Te cité en un café del centro, de esos que te gustan a vos, con ese
aire tanguero. Aceptaste y todavía me pregunto por qué. Llegaste con tu paso
ligero, con tu pelo castaño suelto y revoltoso. Nos sentamos cerca de la
ventana porque sé que te gusta mirar hacia fuera cuando tomás tu café y más
cuando los días son grises y fríos, como ese. Me mirabas con esos ojos tan
negros, tan tuyos; me mirabas interrogándome. No fue fácil hablar, nunca me fue
fácil hablarte, porque tampoco te entendía.
Pedimos café
con leche, pero esa vez nada para comer. Creo que vos estabas apurada y yo
tenía un nudo en el estómago. Cómo explicarte, cómo decirte que todo lo que
hice era un desencuentro conmigo mismo; cómo hacerte entender que las palabras
que no dije, eran todas las que debía haber dicho hace tiempo ya.
Empecé a
hablar, quizás un poco torpe, enredado, sin sentido, pero pareciste entender.
Me respondiste sobre la felicidad, las ganas de querer y de abrazar, pero todo
era una suposición y yo comprendí que estaba todo perdido. Me hablaste de la
felicidad, de las personas, de los proyectos y sobre tus decisiones en la vida.

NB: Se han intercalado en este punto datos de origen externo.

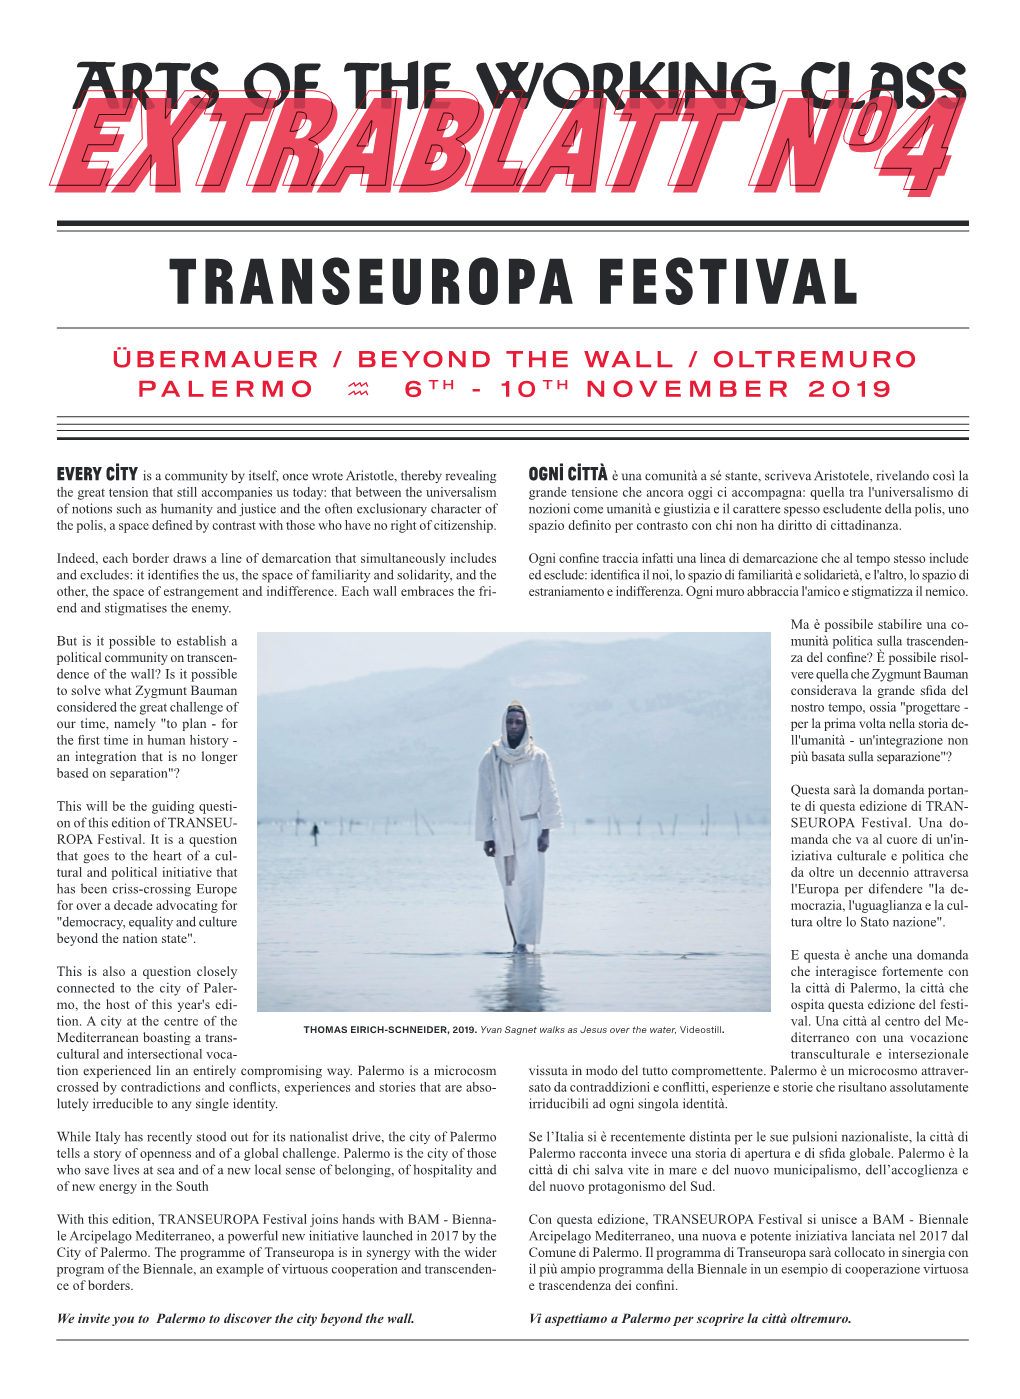 Transeuropa Festıval

Tus palabras sonaban tranquilas; las mías, nerviosas y rayadas. Me agarraste de
la mano, te sonreíste. Me deseaste felicidad, me deseaste un buen camino.
Dejaste el dinero de tu café en la mesa, te acercaste y me besaste. Me
saludaste con ese "adiós" que a veces sonaba tan frío en tu labios,
en tus ojos negros cada vez más profundos y más misteriosos. Saliste por la
puerta, te fuiste con todos mis sueños entre tus manos.
Todavía siento
tu beso cargado de cosas que no sé entender.